Mula-mula dipukul-pukulnya “kentongan” itu dengan “pemukul” ajaibnya. Plak, plak, plak. Lalu helm itu dipakai untuk nguleg itilnya merah yang mekar mengembang.
“Duuuuh….sakiiit. Jangan diuleg-uleg, Masukkan saja, Pak” terdengar merdu rintihan cewek ini.
Berkali-kali benda coklat itu gagal penetrasi. Kembali lidah sutera bertindak membasahi “jalan ke surga”
Coba lagi dimasukinya, sekarang lubang “kentongan” itu semakin licin.Kemaluan Viani mengeluarkan pelumas sendiri. Putih bening sehingga Pak Wid bisa masuk sedikit.
“Aduuh…jangan dalam-dalam, Pak…..” Pak Wid selalu menafsirkan kebalikannya.” Kurang dalam, Pak” Ditekan lagi, maju sedikit demi sedikit. Tiba-tiba Tasya menjerit lirih
“Aaaauuu…… sakiiiiit….jangan sampai robek ya Pak” rintihnya polos sekali. Padahal Sudah robek. Oh Tasya … Tasya, apakah kamu tidak tahu gurumu sudah mengambil kesucianmu?.

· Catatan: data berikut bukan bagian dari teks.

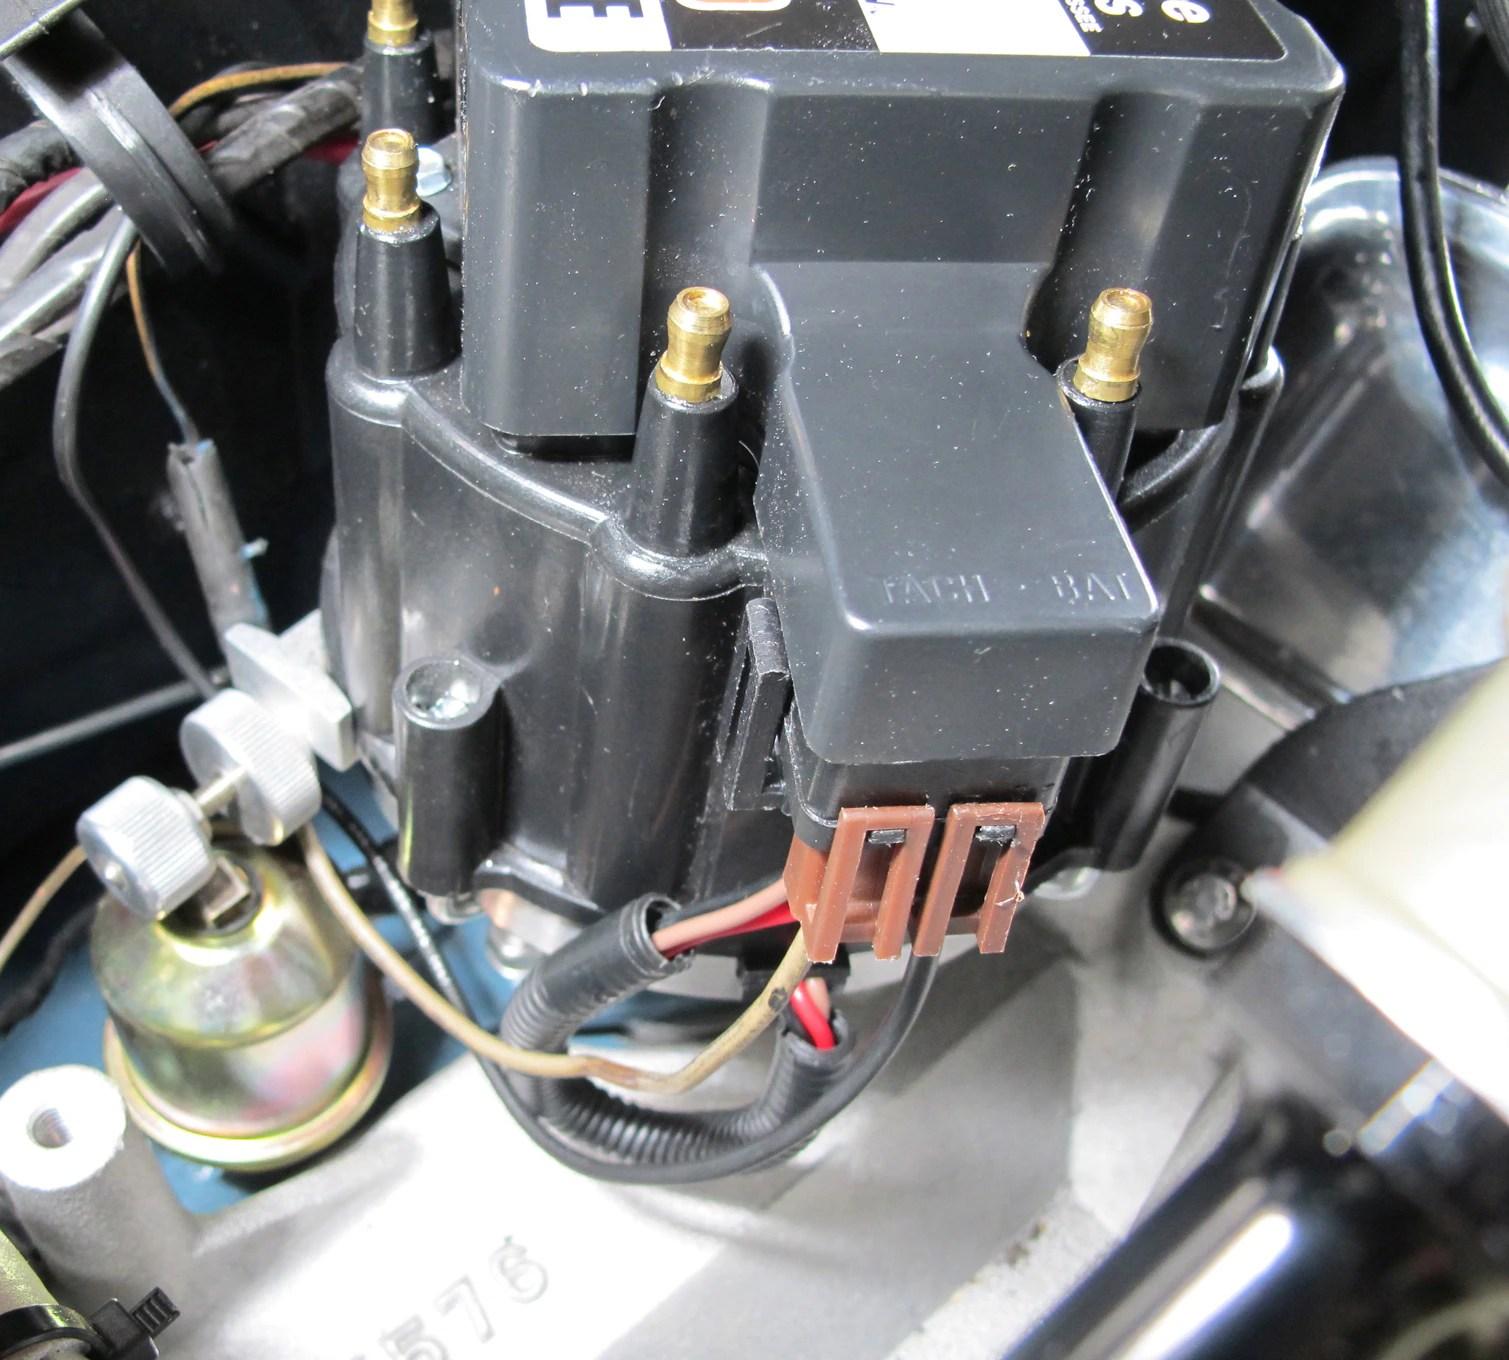 hight resolution of mopar hei wiring diagram help mopar electronic ignition installhei wiring harness hei image wiring diagram is

Dengan pecahnya selaput perawan itu, kini lancarlah jalan ke surga. Pelaaaann… dan lambat. Akhirnya semua bagian dari penis laki-laki tua itu masuk. Tasya mendongak dan menggigit bibir. Tetap jaim. Dia berusaha tidak mengeluarkan erangan. Tapi jari-jari kakinya jelas terlihat tegang meregang. Jari tangannya erat meremas kasur. Itu tanda yamh jelas kalau cewek jaim itu menahan hebat kenikmatan yang dirasakannya. Pak Wid kini bergerak naik turun, naik lagi, turuuuun lagi dengan halus.
“Pak jangan dalam-dalam…..ya…..Bapakku sudah wanti-wanti…….jangan sampai ….adduuuuh…” Tak bisa menyelesaikan ucapannya Tasya “terganggu” lewatnya arus “listrik 100 megawatt” diseluruh jaringan syarafnya.
“Jangan apa, cah ayuuuuuu……” Pak Wid semakin menikmati “living reality” mimpi yang jadi kenyataan.